Football Association technical director Dan Ashworth has revealed his decision to quit was made as soon as England returned home after the euphoric World Cup campaign.
Ashworth leaves English football's governing body on Tuesday to take up a similar position at Brighton after almost seven years with the FA.
And the 47-year-old leaves St George's Park on a high after playing a crucial role in the best performance from a senior England side at a World Cup since 1990.
But despite the growing buzz around Gareth Southgate's camp - which has amplified following England's qualification for the inaugural UEFA Nations League finals in the summer - Ashworth insists he has no doubt in his mind that this is the right time for him to walk away from the international scene.
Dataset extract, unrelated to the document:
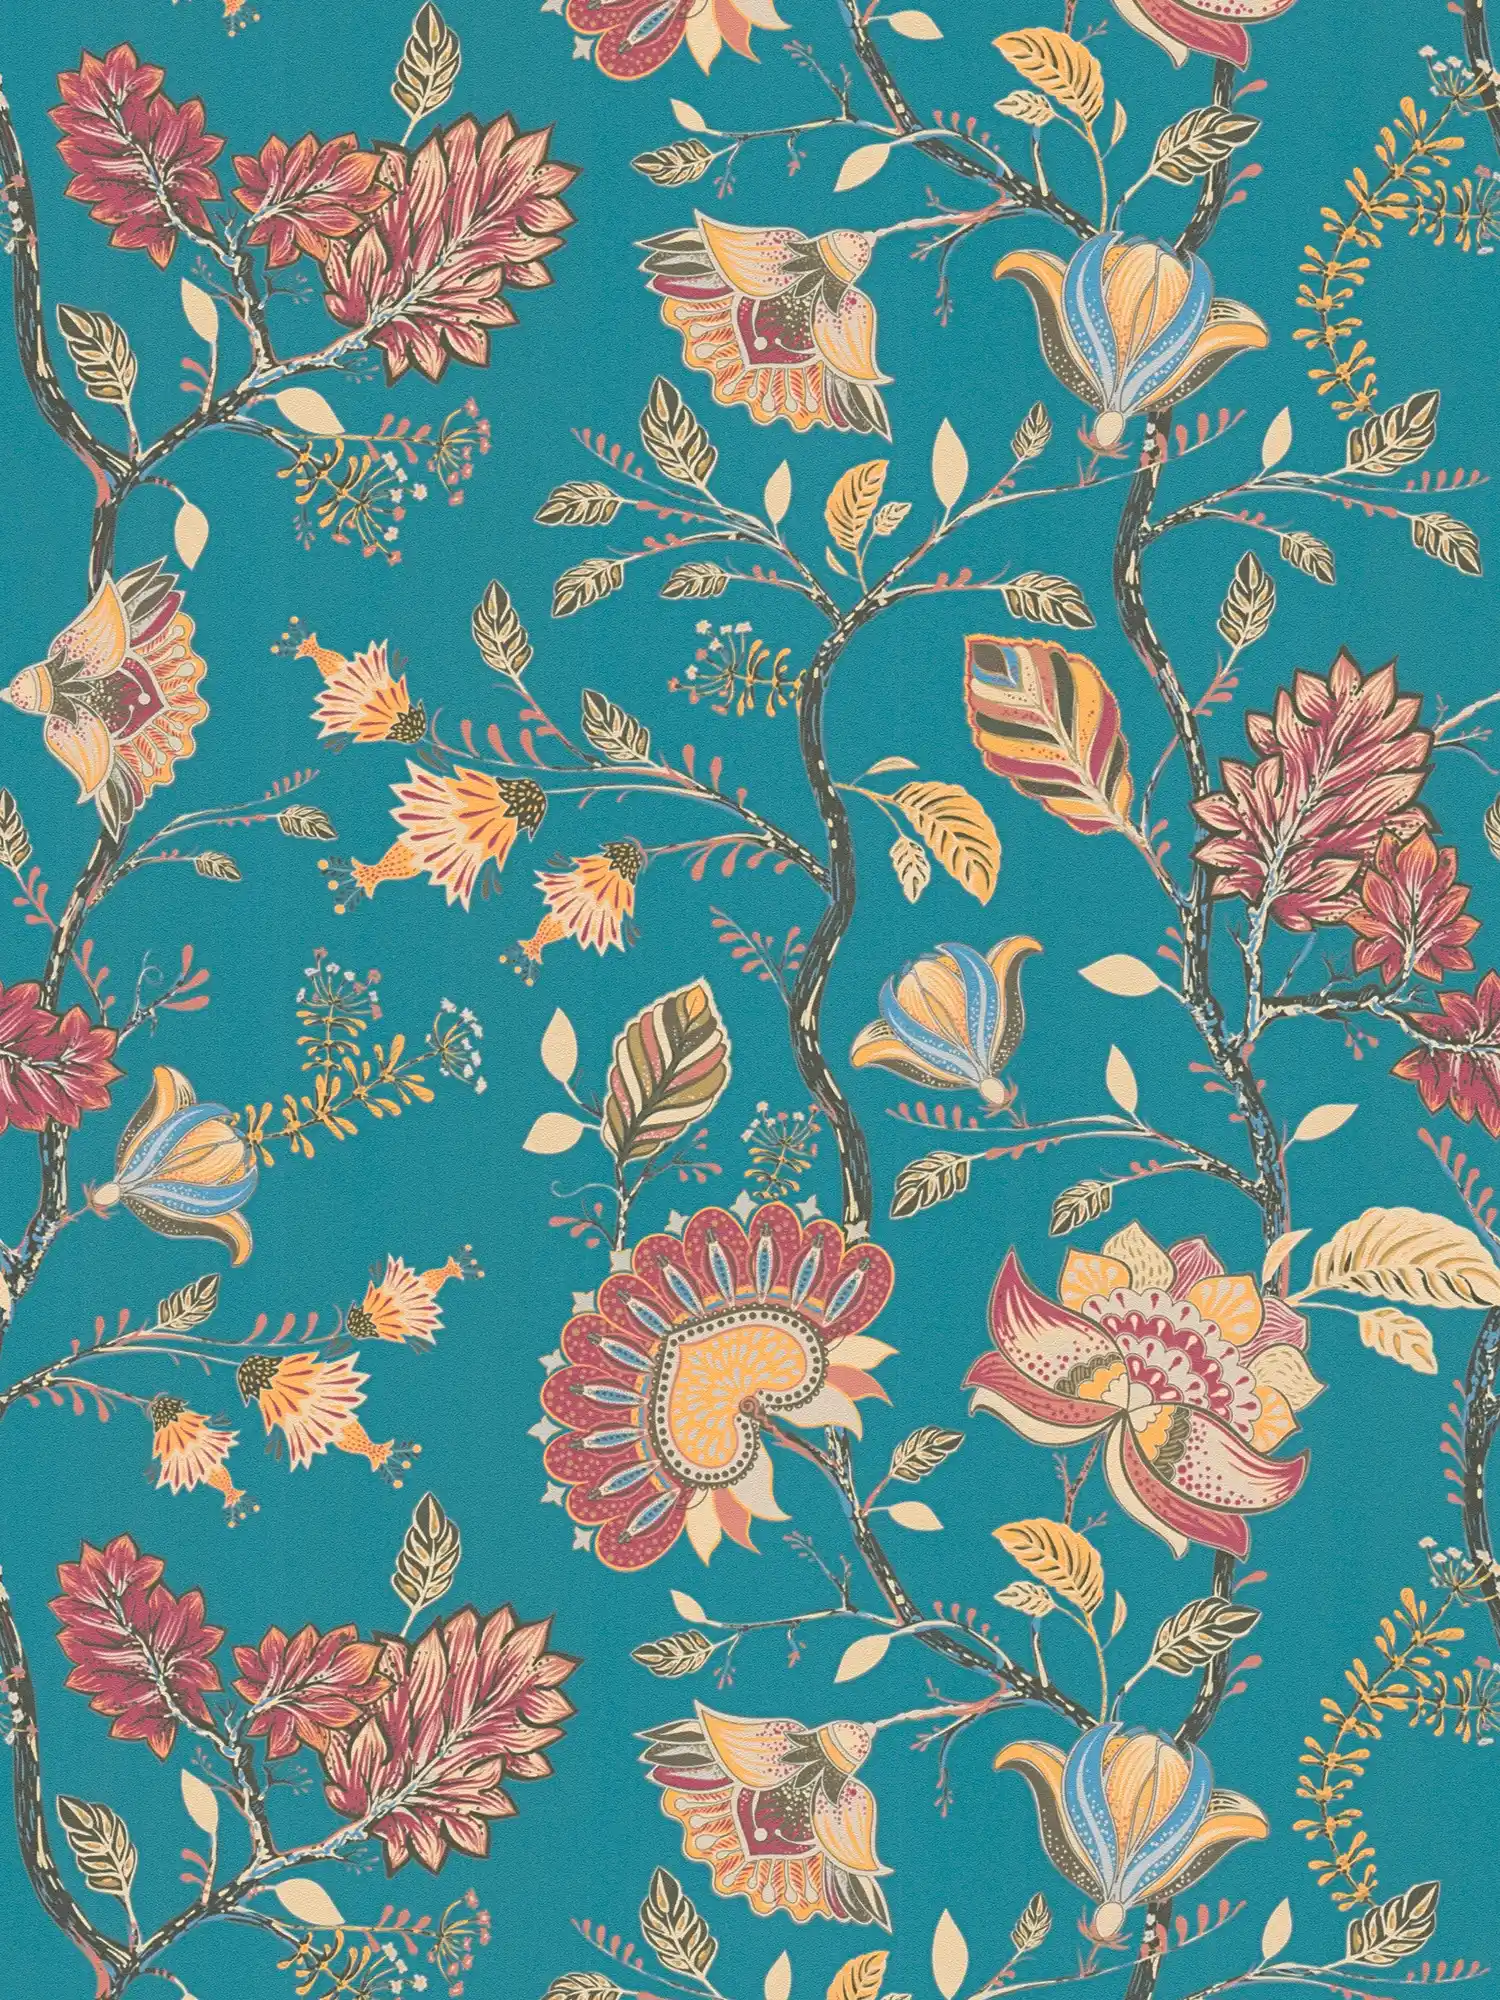 Non-woven wallpaper with floral colourful pattern - blue, yellow, red

'When we landed - I'll never forget this - coming back from Russia, on the runway, it occurred to me that it would be another four and a half years before we did this again,' said Ashworth.
'We didn't see all the euphoria because we were all in Russia, so I don't think you ever quite feel what was going on in the country.
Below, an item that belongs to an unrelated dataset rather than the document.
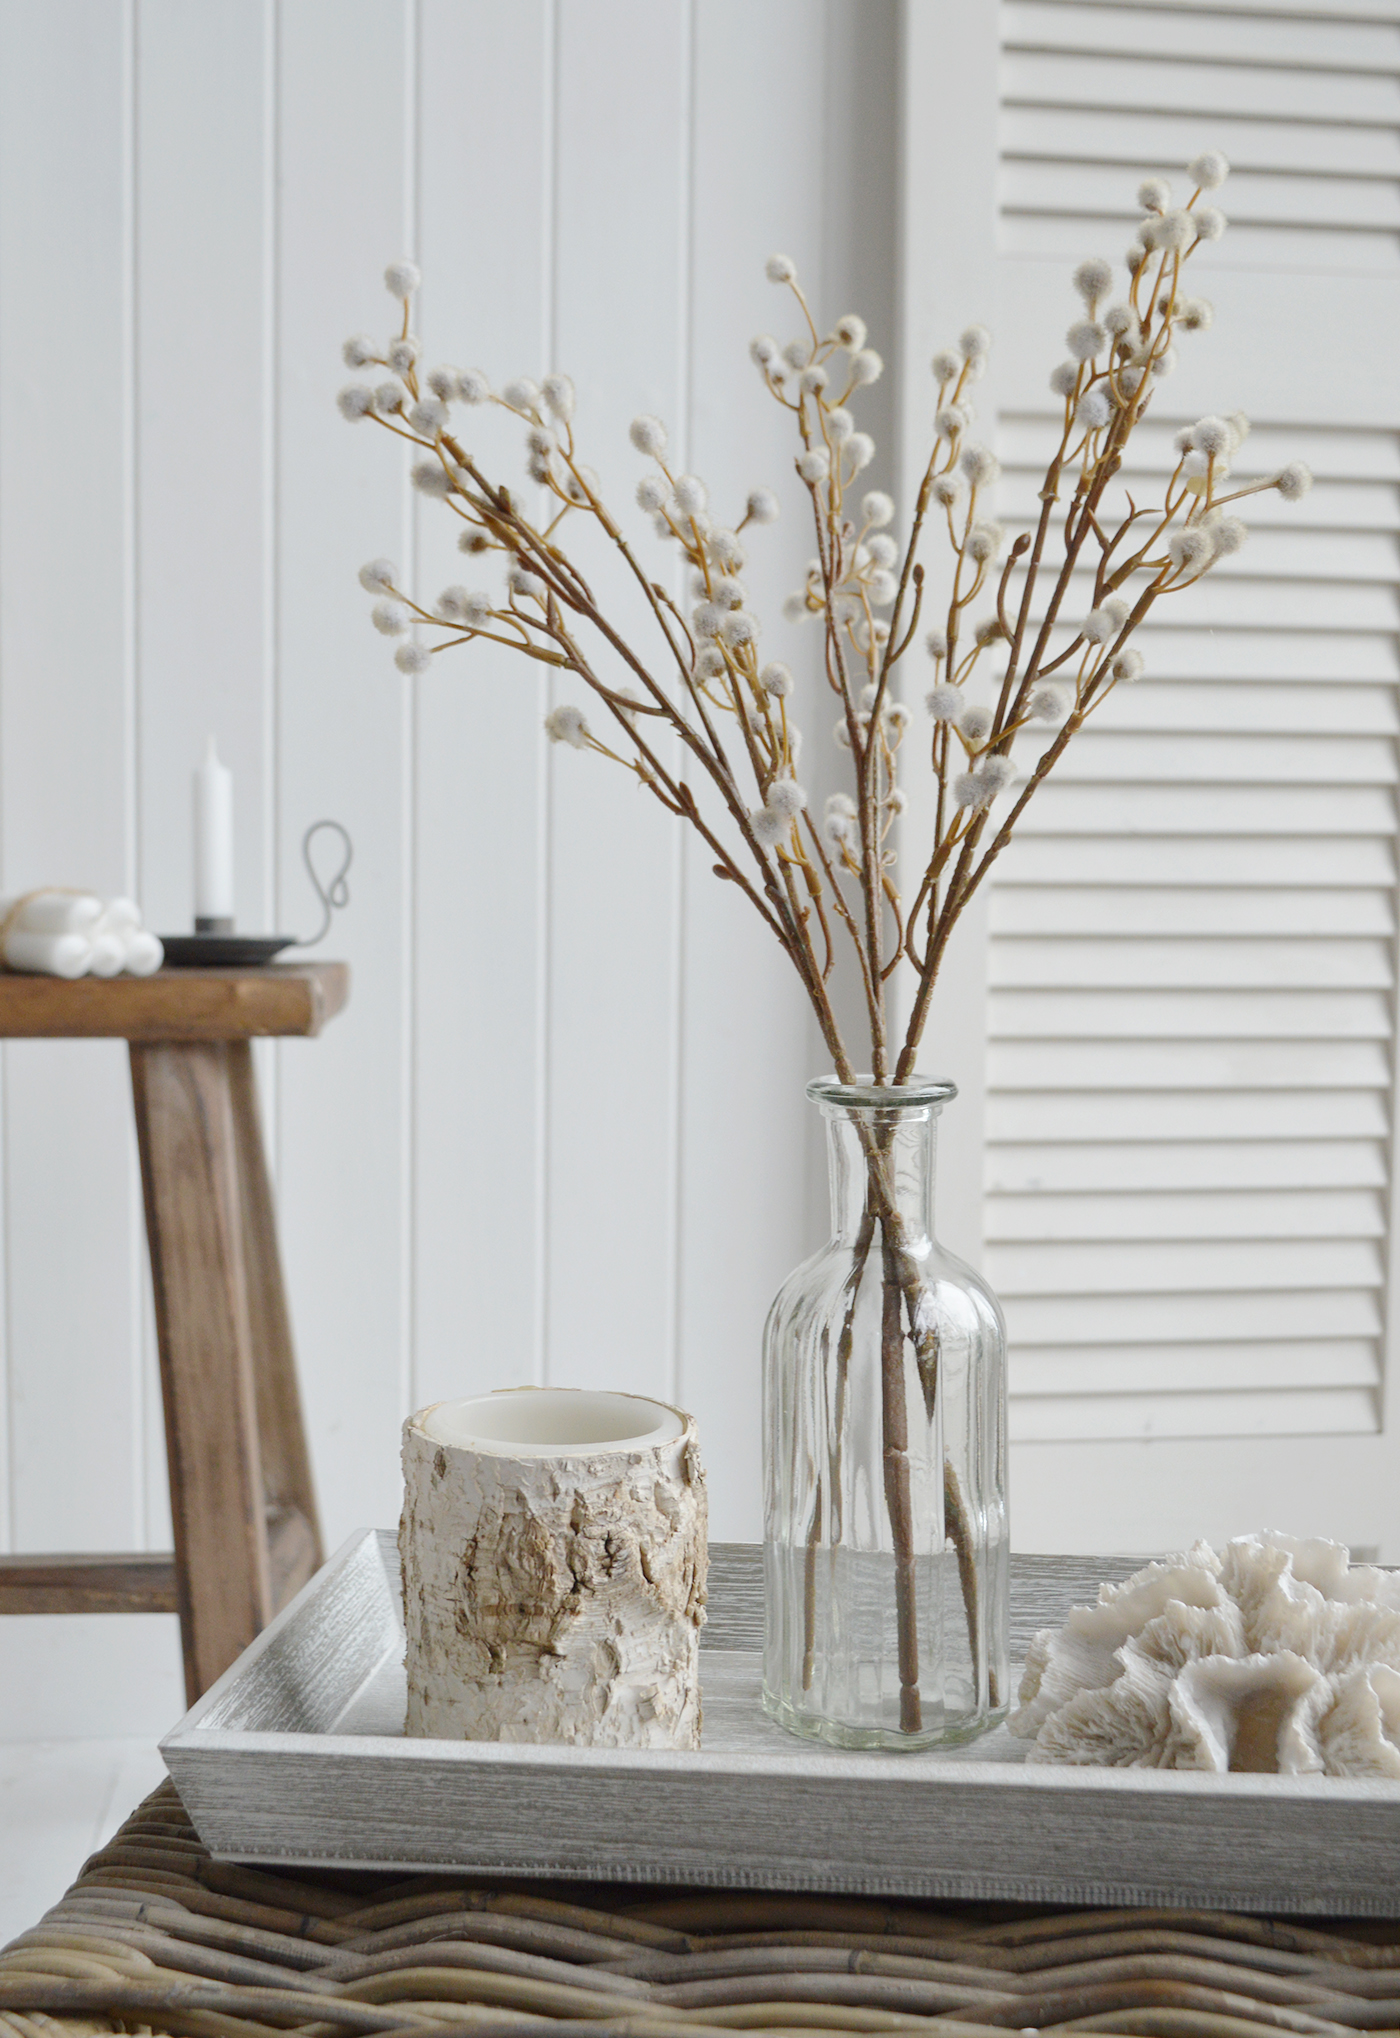 Faux Pussy Willow as coffee table decor in a coastal inspired home

'You get YouTube clips and snippets, and messages from your family, but it was emotionally quite difficult to get back into home life, family life, normal life while realising there was still a fair chunk of time before we had another go at competing in football's ultimate tournament: a World Cup.
'Difficult times, but in a nice way. I'd much rather have that than come back as we have after some other tournaments.
'After six years, I'd missed the day to day part of being at a football club: the transfer windows, seeing players and coaches every day, and seeing your team compete once or twice a week.
'I always felt that, once I took this job, I'd go back into club football.
'I've loved every minute of this job. I don't regret for a minute taking it. But it's time for me, and maybe time for the organisation, to have a fresh set of eyes on it and a new challenge.
'I wouldn't want to go on a low so I'd much rather be going, hopefully, with credibility still intact than going on a situation where it's gone badly.
'I've read it's money, it's this, it's that. I've never been money driven, it's got nothing to do with that, I left West Brom to come to England for less. It's got nothing to do with that.
'I want to be able to, when I finish my career, wherever it might be, whether it's my choice or someone else, with a range of experiences and feeling that I've consistently pushed and challenged.
'So there's a bit of going back into club football that fulfilled my competitive edge, I think, on a regular basis.'
Les Reed will replace Ashworth as the FA's technical director.